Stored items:
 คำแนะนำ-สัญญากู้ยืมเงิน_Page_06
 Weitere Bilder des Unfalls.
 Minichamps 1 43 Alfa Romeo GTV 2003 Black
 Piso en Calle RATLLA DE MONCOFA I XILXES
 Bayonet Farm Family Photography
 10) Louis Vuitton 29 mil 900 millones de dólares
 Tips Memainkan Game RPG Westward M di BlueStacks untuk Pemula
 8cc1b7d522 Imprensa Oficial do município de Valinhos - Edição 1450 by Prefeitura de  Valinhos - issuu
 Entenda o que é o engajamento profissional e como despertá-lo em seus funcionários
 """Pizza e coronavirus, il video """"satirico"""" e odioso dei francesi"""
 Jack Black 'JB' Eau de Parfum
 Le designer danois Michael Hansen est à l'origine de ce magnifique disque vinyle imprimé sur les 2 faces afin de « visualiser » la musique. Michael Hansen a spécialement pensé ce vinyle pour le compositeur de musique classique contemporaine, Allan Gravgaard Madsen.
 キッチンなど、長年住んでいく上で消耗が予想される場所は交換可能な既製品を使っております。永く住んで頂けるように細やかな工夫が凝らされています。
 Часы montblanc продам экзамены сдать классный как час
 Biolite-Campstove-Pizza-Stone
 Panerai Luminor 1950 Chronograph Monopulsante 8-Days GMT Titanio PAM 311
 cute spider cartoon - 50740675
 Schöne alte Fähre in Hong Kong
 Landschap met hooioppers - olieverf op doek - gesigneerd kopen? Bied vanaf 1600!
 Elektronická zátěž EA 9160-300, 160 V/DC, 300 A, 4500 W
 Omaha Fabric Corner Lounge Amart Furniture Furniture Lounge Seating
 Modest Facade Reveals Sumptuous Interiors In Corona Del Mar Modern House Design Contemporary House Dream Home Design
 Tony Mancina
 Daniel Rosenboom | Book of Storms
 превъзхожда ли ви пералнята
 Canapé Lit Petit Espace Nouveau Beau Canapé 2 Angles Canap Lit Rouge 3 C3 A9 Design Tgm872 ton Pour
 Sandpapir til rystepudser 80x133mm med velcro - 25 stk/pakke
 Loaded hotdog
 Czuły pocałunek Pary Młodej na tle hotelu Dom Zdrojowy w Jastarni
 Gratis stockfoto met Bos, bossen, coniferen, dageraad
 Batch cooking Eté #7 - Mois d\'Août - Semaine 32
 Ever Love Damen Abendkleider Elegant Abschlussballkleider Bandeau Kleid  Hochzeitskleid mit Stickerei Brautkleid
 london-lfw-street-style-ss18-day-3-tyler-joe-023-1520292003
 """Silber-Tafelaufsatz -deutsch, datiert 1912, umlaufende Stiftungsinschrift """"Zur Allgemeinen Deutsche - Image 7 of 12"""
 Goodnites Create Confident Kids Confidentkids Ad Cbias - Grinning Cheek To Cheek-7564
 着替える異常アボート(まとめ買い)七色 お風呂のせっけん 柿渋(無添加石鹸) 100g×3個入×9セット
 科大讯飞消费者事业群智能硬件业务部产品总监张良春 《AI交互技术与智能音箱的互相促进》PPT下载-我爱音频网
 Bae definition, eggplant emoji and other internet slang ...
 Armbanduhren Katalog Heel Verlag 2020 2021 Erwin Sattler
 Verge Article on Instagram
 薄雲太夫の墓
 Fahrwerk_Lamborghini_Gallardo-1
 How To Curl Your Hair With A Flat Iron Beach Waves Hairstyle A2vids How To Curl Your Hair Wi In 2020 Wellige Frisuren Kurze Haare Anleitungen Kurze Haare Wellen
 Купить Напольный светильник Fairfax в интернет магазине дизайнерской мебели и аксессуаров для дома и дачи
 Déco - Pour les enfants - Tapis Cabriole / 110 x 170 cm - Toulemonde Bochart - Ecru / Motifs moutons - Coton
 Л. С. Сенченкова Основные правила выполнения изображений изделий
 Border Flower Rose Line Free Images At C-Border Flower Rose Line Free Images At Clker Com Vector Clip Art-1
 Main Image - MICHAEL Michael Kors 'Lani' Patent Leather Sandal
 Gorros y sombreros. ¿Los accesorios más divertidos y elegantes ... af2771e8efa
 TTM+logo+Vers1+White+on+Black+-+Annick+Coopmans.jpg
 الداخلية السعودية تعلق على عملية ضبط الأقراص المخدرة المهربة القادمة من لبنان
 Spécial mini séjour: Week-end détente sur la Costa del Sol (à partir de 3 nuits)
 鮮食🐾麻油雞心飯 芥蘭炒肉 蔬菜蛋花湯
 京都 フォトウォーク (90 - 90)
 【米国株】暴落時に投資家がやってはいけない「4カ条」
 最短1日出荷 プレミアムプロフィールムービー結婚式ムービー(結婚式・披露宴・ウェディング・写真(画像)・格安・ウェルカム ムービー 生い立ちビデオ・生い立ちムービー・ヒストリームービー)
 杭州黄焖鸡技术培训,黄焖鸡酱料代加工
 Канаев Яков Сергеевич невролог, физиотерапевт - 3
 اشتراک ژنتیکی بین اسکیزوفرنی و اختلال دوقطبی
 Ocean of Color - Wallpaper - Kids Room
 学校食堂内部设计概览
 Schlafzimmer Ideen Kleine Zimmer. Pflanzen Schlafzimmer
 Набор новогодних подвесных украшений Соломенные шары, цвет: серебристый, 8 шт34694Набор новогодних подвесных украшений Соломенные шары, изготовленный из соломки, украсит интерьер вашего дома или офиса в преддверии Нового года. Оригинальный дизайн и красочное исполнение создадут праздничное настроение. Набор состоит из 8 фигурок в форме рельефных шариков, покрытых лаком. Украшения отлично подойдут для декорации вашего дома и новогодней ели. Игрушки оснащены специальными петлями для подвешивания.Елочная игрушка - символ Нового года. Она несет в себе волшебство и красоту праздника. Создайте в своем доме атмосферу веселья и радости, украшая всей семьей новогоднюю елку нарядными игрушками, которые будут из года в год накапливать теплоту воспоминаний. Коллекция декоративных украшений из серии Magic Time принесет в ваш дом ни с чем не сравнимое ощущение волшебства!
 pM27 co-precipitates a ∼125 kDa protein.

What to work on → Every entry shown above is to be written out exactly.

Completed task →
 คำแนะนำ-สัญญากู้ยืมเงิน_Page_06
 Weitere Bilder des Unfalls.
 Minichamps 1 43 Alfa Romeo GTV 2003 Black
 Piso en Calle RATLLA DE MONCOFA I XILXES
 Bayonet Farm Family Photography
 10) Louis Vuitton 29 mil 900 millones de dólares
 Tips Memainkan Game RPG Westward M di BlueStacks untuk Pemula
 8cc1b7d522 Imprensa Oficial do município de Valinhos - Edição 1450 by Prefeitura de  Valinhos - issuu
 Entenda o que é o engajamento profissional e como despertá-lo em seus funcionários
 """Pizza e coronavirus, il video """"satirico"""" e odioso dei francesi"""
 Jack Black 'JB' Eau de Parfum
 Le designer danois Michael Hansen est à l'origine de ce magnifique disque vinyle imprimé sur les 2 faces afin de « visualiser » la musique. Michael Hansen a spécialement pensé ce vinyle pour le compositeur de musique classique contemporaine, Allan Gravgaard Madsen.
 キッチンなど、長年住んでいく上で消耗が予想される場所は交換可能な既製品を使っております。永く住んで頂けるように細やかな工夫が凝らされています。
 Часы montblanc продам экзамены сдать классный как час
 Biolite-Campstove-Pizza-Stone
 Panerai Luminor 1950 Chronograph Monopulsante 8-Days GMT Titanio PAM 311
 cute spider cartoon - 50740675
 Schöne alte Fähre in Hong Kong
 Landschap met hooioppers - olieverf op doek - gesigneerd kopen? Bied vanaf 1600!
 Elektronická zátěž EA 9160-300, 160 V/DC, 300 A, 4500 W
 Omaha Fabric Corner Lounge Amart Furniture Furniture Lounge Seating
 Modest Facade Reveals Sumptuous Interiors In Corona Del Mar Modern House Design Contemporary House Dream Home Design
 Tony Mancina
 Daniel Rosenboom | Book of Storms
 превъзхожда ли ви пералнята
 Canapé Lit Petit Espace Nouveau Beau Canapé 2 Angles Canap Lit Rouge 3 C3 A9 Design Tgm872 ton Pour
 Sandpapir til rystepudser 80x133mm med velcro - 25 stk/pakke
 Loaded hotdog
 Czuły pocałunek Pary Młodej na tle hotelu Dom Zdrojowy w Jastarni
 Gratis stockfoto met Bos, bossen, coniferen, dageraad
 Batch cooking Eté #7 - Mois d\'Août - Semaine 32
 Ever Love Damen Abendkleider Elegant Abschlussballkleider Bandeau Kleid  Hochzeitskleid mit Stickerei Brautkleid
 london-lfw-street-style-ss18-day-3-tyler-joe-023-1520292003
 """Silber-Tafelaufsatz -deutsch, datiert 1912, umlaufende Stiftungsinschrift """"Zur Allgemeinen Deutsche - Image 7 of 12"""
 Goodnites Create Confident Kids Confidentkids Ad Cbias - Grinning Cheek To Cheek-7564
 着替える異常アボート(まとめ買い)七色 お風呂のせっけん 柿渋(無添加石鹸) 100g×3個入×9セット
 科大讯飞消费者事业群智能硬件业务部产品总监张良春 《AI交互技术与智能音箱的互相促进》PPT下载-我爱音频网
 Bae definition, eggplant emoji and other internet slang ...
 Armbanduhren Katalog Heel Verlag 2020 2021 Erwin Sattler
 Verge Article on Instagram
 薄雲太夫の墓
 Fahrwerk_Lamborghini_Gallardo-1
 How To Curl Your Hair With A Flat Iron Beach Waves Hairstyle A2vids How To Curl Your Hair Wi In 2020 Wellige Frisuren Kurze Haare Anleitungen Kurze Haare Wellen
 Купить Напольный светильник Fairfax в интернет магазине дизайнерской мебели и аксессуаров для дома и дачи
 Déco - Pour les enfants - Tapis Cabriole / 110 x 170 cm - Toulemonde Bochart - Ecru / Motifs moutons - Coton
 Л. С. Сенченкова Основные правила выполнения изображений изделий
 Border Flower Rose Line Free Images At C-Border Flower Rose Line Free Images At Clker Com Vector Clip Art-1
 Main Image - MICHAEL Michael Kors 'Lani' Patent Leather Sandal
 Gorros y sombreros. ¿Los accesorios más divertidos y elegantes ... af2771e8efa
 TTM+logo+Vers1+White+on+Black+-+Annick+Coopmans.jpg
 الداخلية السعودية تعلق على عملية ضبط الأقراص المخدرة المهربة القادمة من لبنان
 Spécial mini séjour: Week-end détente sur la Costa del Sol (à partir de 3 nuits)
 鮮食🐾麻油雞心飯 芥蘭炒肉 蔬菜蛋花湯
 京都 フォトウォーク (90 - 90)
 【米国株】暴落時に投資家がやってはいけない「4カ条」
 最短1日出荷 プレミアムプロフィールムービー結婚式ムービー(結婚式・披露宴・ウェディング・写真(画像)・格安・ウェルカム ムービー 生い立ちビデオ・生い立ちムービー・ヒストリームービー)
 杭州黄焖鸡技术培训,黄焖鸡酱料代加工
 Канаев Яков Сергеевич невролог, физиотерапевт - 3
 اشتراک ژنتیکی بین اسکیزوفرنی و اختلال دوقطبی
 Ocean of Color - Wallpaper - Kids Room
 学校食堂内部设计概览
 Schlafzimmer Ideen Kleine Zimmer. Pflanzen Schlafzimmer
 Набор новогодних подвесных украшений Соломенные шары, цвет: серебристый, 8 шт34694Набор новогодних подвесных украшений Соломенные шары, изготовленный из соломки, украсит интерьер вашего дома или офиса в преддверии Нового года. Оригинальный дизайн и красочное исполнение создадут праздничное настроение. Набор состоит из 8 фигурок в форме рельефных шариков, покрытых лаком. Украшения отлично подойдут для декорации вашего дома и новогодней ели. Игрушки оснащены специальными петлями для подвешивания.Елочная игрушка - символ Нового года. Она несет в себе волшебство и красоту праздника. Создайте в своем доме атмосферу веселья и радости, украшая всей семьей новогоднюю елку нарядными игрушками, которые будут из года в год накапливать теплоту воспоминаний. Коллекция декоративных украшений из серии Magic Time принесет в ваш дом ни с чем не сравнимое ощущение волшебства!
 pM27 co-precipitates a ∼125 kDa protein.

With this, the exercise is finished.